- Born: September 30, 1916 Philadelphia, Pennsylvania, U.S.
- Died: March 3, 2009 (aged 92) Philadelphia, Pennsylvania, U.S.
- Occupations: Radio personality, businessman

= Frank Ford (broadcaster) =

American radio talk show host (1916–2009)

Frank Ford was the stage name of Edward Felbin (September 30, 1916 – March 3, 2009), a talk radio host in Philadelphia. Along with partners Lee Guber and Shelly Gross, Ford founded the Valley Forge Music Fair in 1955 and the Westbury Music Fair the following year. He served on the board of trustees for Science Service, now known as Society for Science & the Public, from 1957 to 1962.

He was married to Lynne Abraham, a former judge and District Attorney of Philadelphia, Pennsylvania.

==Early life and education==
Born as Edward Felbin, he grew up in the Logan section of North Philadelphia, where he graduated from Simon Gratz High School in 1934. He attended the University of Pennsylvania, where he graduated in 1939.

==Career==
While in college, he got a job at radio station WHAT as an announcer, earning $15 weekly plus transportation. He used the name "Eddie Hoyle" while hosting Hollywood According to Hoyle, a gossip program. While selling radio time in 1946, a customer called Frankford Unity Grocery Store wanted to sponsor a music show; He decided that he would host the show himself to pick up a few extra dollars, and adopted the name "Frank Ford" for the show, a name that stuck with him for the rest of his life. In a 1995 interview with the Philadelphia Daily News, he wondered "what my name would be if the sponsor was the Piggly Wiggly stores."

Together with partners Lee Guber and Shelly Gross, he opened the Valley Forge Music Fair in Devon, Pennsylvania in 1955, featuring such shows as its inaugural production of The King and I. Originally housed in a tent, a building was constructed on the site as a theater. Opened on an investment of $100,000, the business brought in a profit of about $50,000 their first summer, leading to the establishment of the Westbury Music Fair in Westbury, New York and other locations in Cherry Hill, New Jersey, and near both Baltimore and Washington, D.C., employing 2,000 performers and musicians at their peak.

He hosted a late-night talk show on WPEN, becoming one of the first shows to use equipment that would allow the host to interact directly with callers on the air, unlike previous shows that had the host repeat the caller's comments. In the early 1970s, he did multiple interviews with "Unicorn Killer" Ira Einhorn, who had murdered girlfriend Holly Maddux, later recalling that Einhorn "stank even then". He bought station WDVT in 1985, where his programming included a show hosted by publisher Mark Segal of the Philadelphia Gay News that was the city's first show on commercial radio with a gay focus. The station closed in 1988. He retired in 2000, after WWDB-FM switched to an all-music format.

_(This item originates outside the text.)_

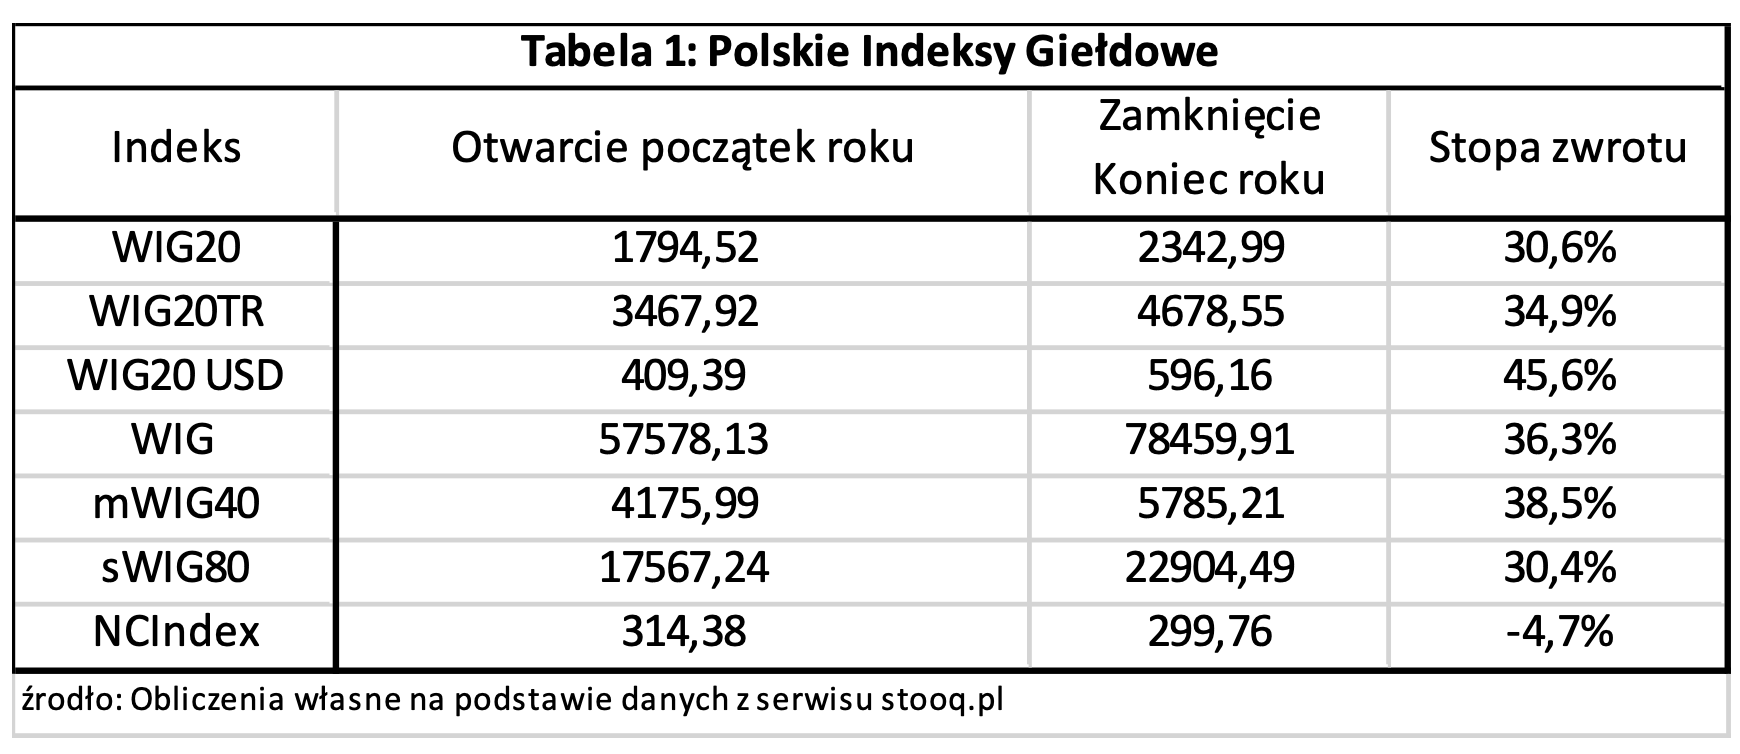 1 Polish stock exchange

Guests on Ford's programs during his career included Lenny Bruce, Abbie Hoffman, Sugar Ray Robinson and Eleanor Roosevelt. He owned Auto Sport Importers, a business that made reproductions of a classic 1938 Jaguar called the Squire SS100, a model that sold several hundred cars but was never a viable business.

The Broadcast Pioneers of Philadelphia inducted Ford into their Hall of Fame in 2004.

==Personal life==
Ford first met his future wife, Lynne Abraham, 24 years his junior, when she helped watch his ill father while his mother ran errands. Ford helped her get a job when she was a teen at the Valley Forge Music Fair he opened in 1955. Years later, when Abraham was in college, she would babysit for his stepdaughter. Abraham had been thinking of medical school and becoming a physician, when Ford told her "You ought to be a lawyer. You're forthright. You've got a big mouth. You talk well. You're smart."

He married Abraham in June 1977, when he was 60 years old and hosting local radio talk shows, and she was a 36-year-old municipal court judge. She was an elected judge serving on the Pennsylvania Courts of Common Pleas when she was considering a run for Philadelphia District Attorney. Ford tried to dissuade her, telling Abraham that she would be losing her judicial tenure and would be taking a reduction in pay. Despite his objections, Abraham ran for office and was elected in 1991. Ford was extremely supportive of his wife's post, and regularly attended her press conferences and had her on his radio show until he became ill in October 2008. Ford was interested in architecture, art, dance, opera and food, and he and Abraham traveled extensively around the world.

==Death==
A longtime resident of Center City, Philadelphia, Ford died, at age 92, on March 3, 2009, at Vitas Hospice of St. Agnes Hospital in Philadelphia due to complications from a stroke. He was survived by both his first and second wives, a daughter, two grandchildren and a great-grandson.